Disclosure: Mechelli R receives research support from the Italian Multiple Sclerosis Foundation (FISM). Manfrè G reports no disclosures. Pellicciari G reports no disclosures. Reniè R reports no disclosures. Romano C reports no disclosures. Ristori G receives research support from the Italian Multiple Sclerosis Foundation (FISM). Visconti A reports no disclosures. Salvetti M, receives research support and has received fees as speaker from Sanofi Aventis, Biogen, Bayer Schering, Merck Serono. He also receives research support from the Italian Multiple Sclerosis Foundation (FISM).
Abstract: P1263
Type: Poster Sessions
Abstract Category: Therapy - Tools for detecting therapeutic response
Cladribine (2-CdA) is converted in the active compound 2-chlorodeoxyadenosine 5'-monophosphate (2-CdAMP) through the phosphorylation activity of deoxycytidine kinase (DCK). This activity is balanced by 5'-nucleotidases (5'-NT) enzymes that prevent accumulation of 2-CdATP. Among the 5'NT genes, NT5C1A and NT5C2 have been observed as those who are able to metabolize 2-CdAMP. Low level of DCK mRNA and a higher level of 5'NT mRNA can be associated with 2CdA drug resistance. Other factors, such as viral infections, may affect the 2-CdA effectiveness interfering with its metabolism. In our previous work, we showed that Epstein-Barr nuclear antigen 2 (EBNA2) alleles variants associates with multiple sclerosis (MS).
Our aim is to assess a method fast and reliable to identify possible drug resistant MS patients, and to study whether EBNA2 variants may interfere with the 2-CdA metabolism. We evaluated the gene expression profile of DCK, NT5C1A and NT5C2 genes and the EBNA2 alleles in peripheral blood of relapsing-remitting MS patients (RRMS).
Peripheral blood mononuclear cells (PBMCs) were obtained from 40 RRMS patients free from therapy for at least 3 months. DNA and RNA were extracted from the same samples and cDNAs were obtained using commercial kits.

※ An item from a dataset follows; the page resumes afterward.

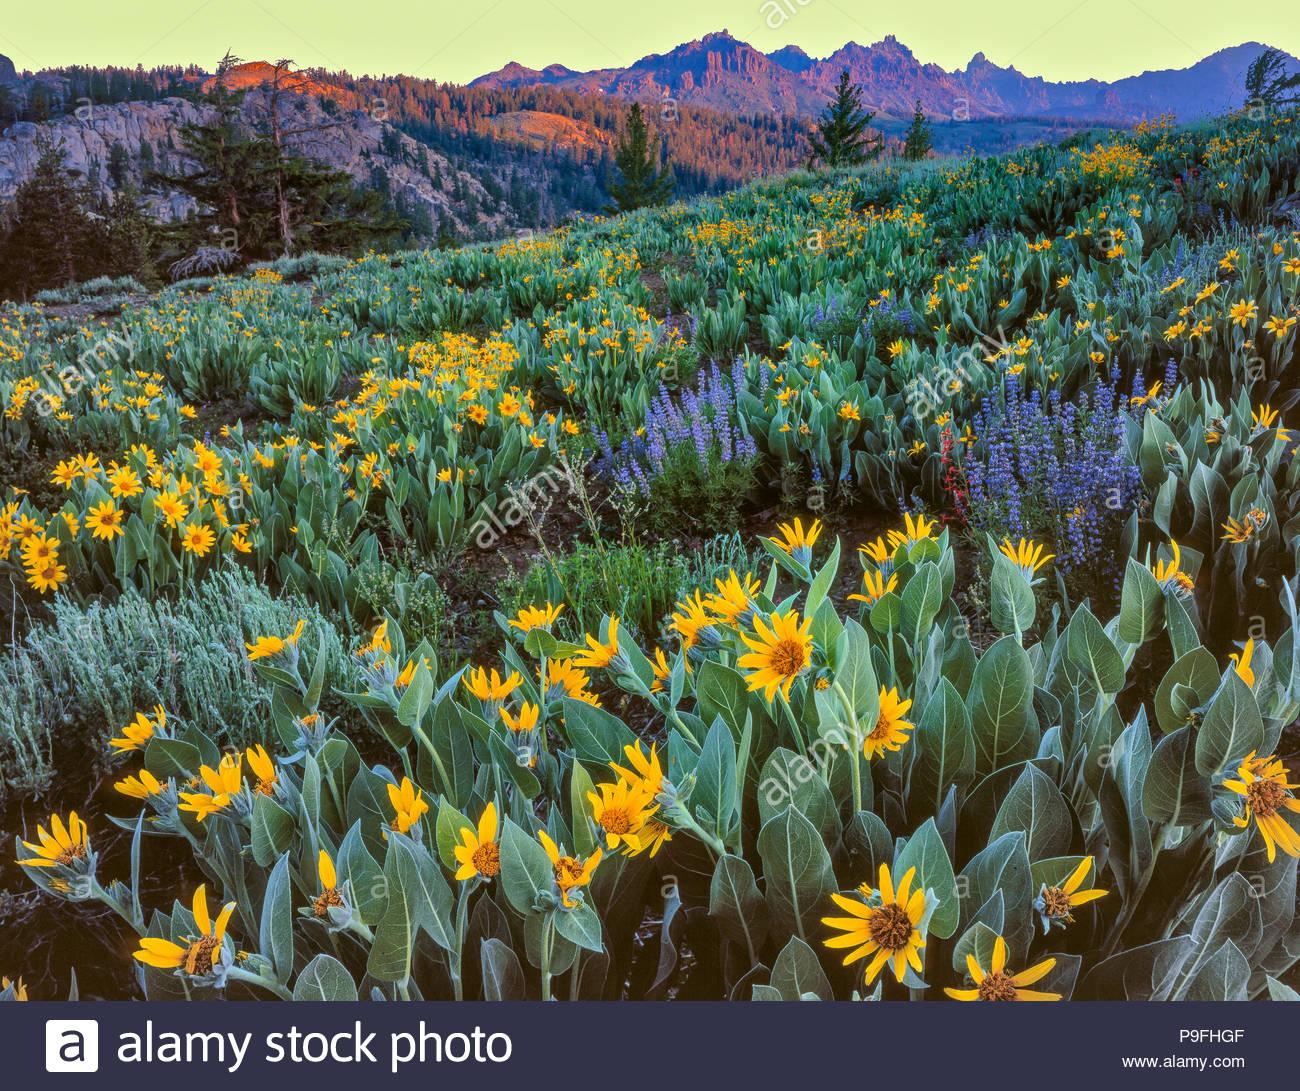 Arrowleaf Balsam Root, Balsamorhiza sagittata, Lupin, Lupinus angustifolius, Carson-Iceberg Wilderness, Toiyabe National Forest, Sierra Nevada, CA - Stock Image

Gene expression and EBV alleles identification were studied using digital droplet PCR approaches (QX200-Biorad). We observed comparable level of expression among DCK and NT5C2 genes and lower level of NT5C1A compared to the others. The DCK/NT5C1A ratio obtained are higher than 1 in all but 2 samples analyzed. The DCK/NT5C2 ratio show values range from 0,2 to 1,9. We performed a Spearman correlation analysis, obtaining a moderate level of correlation (r2=0,27; p=0,01) among the two ratios. To evaluate whether EBV variants can affect the 2-CdA metabolism, we stratified the expression data obtained in 13 sumples, according to the EBNA2 alleles: 1.2 (MS-associated; n=5) and 1.3 (HD-associated; n= 7), without observing statistically relevant differences.
Our results show that a protocol for 2-CdA metabolism evaluation in peripheral blood could be useful in patients management, given the degree of variability existing among the genes involved in this process. The lack of correlation with EBV alleles may be due to the reduced number of observations. Our preliminary data needs to be further explored in a larger population of patients under 2-CdA treatment and correlated with the clinical parameters.

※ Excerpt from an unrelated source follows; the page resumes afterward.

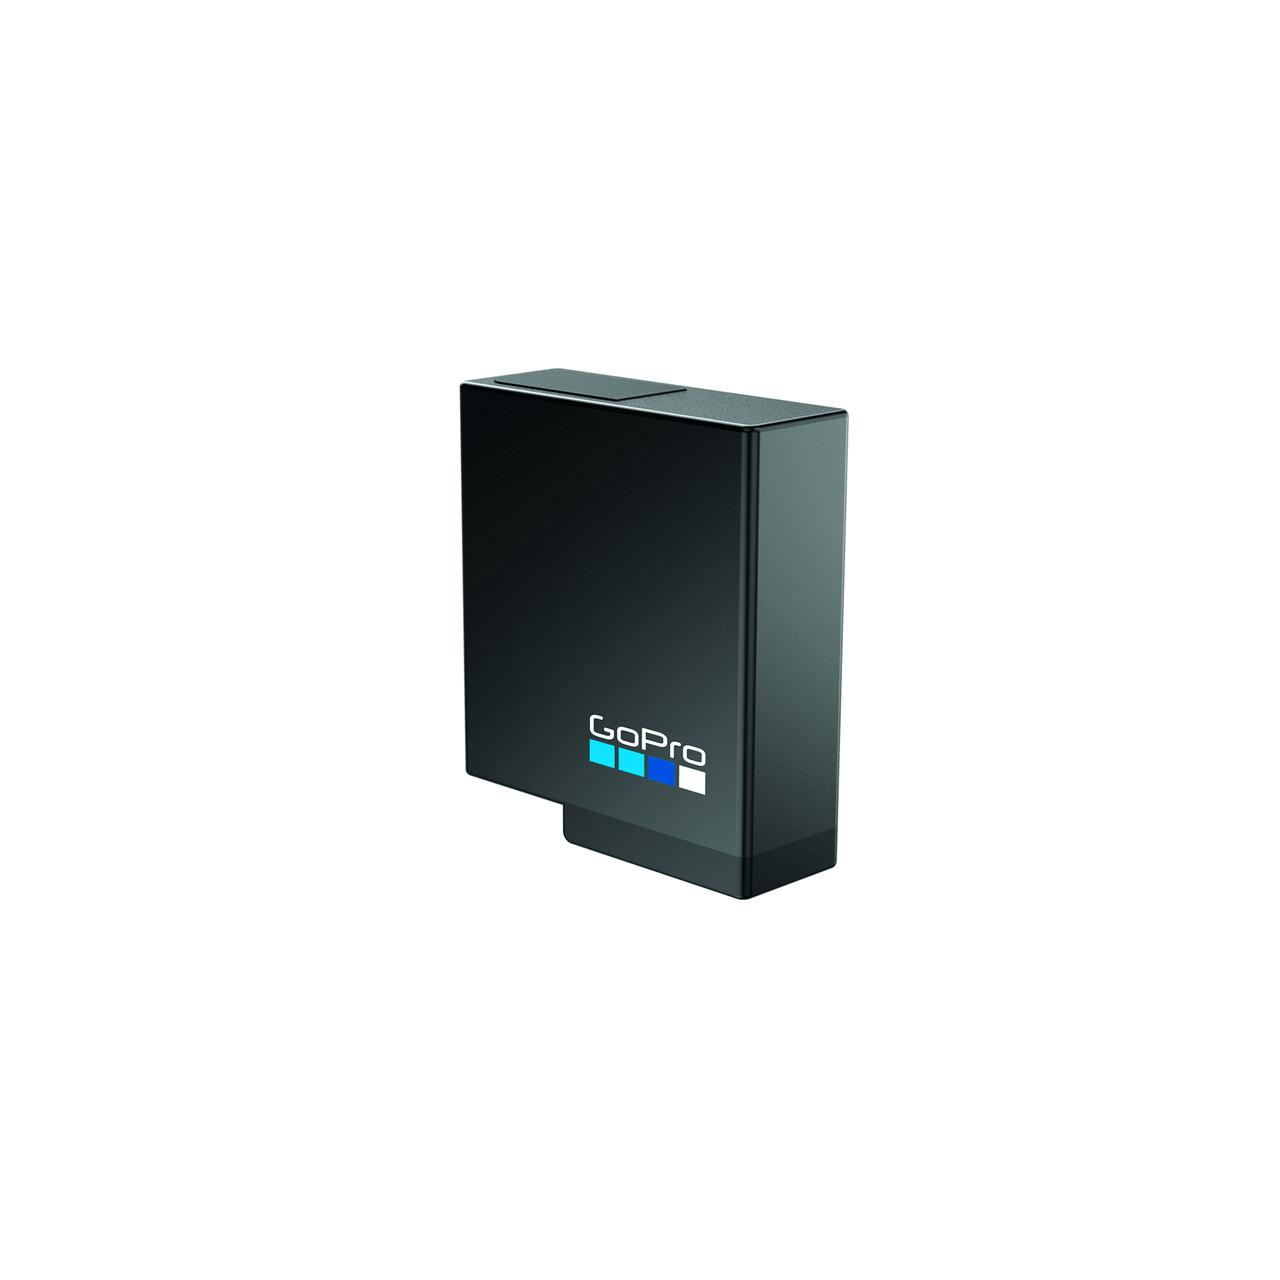 Аккумулятор для GoPro Hero 5/Hero 6 /Hero 7  1220 mAh Rechargeable Battery (оригинал)

Disclosure: Mechelli R receives research support from the Italian Multiple Sclerosis Foundation (FISM). Manfrè G reports no disclosures. Pellicciari G reports no disclosures. Reniè R reports no disclosures. Romano C reports no disclosures. Ristori G receives research support from the Italian Multiple Sclerosis Foundation (FISM). Visconti A reports no disclosures. Salvetti M, receives research support and has received fees as speaker from Sanofi Aventis, Biogen, Bayer Schering, Merck Serono. He also receives research support from the Italian Multiple Sclerosis Foundation (FISM).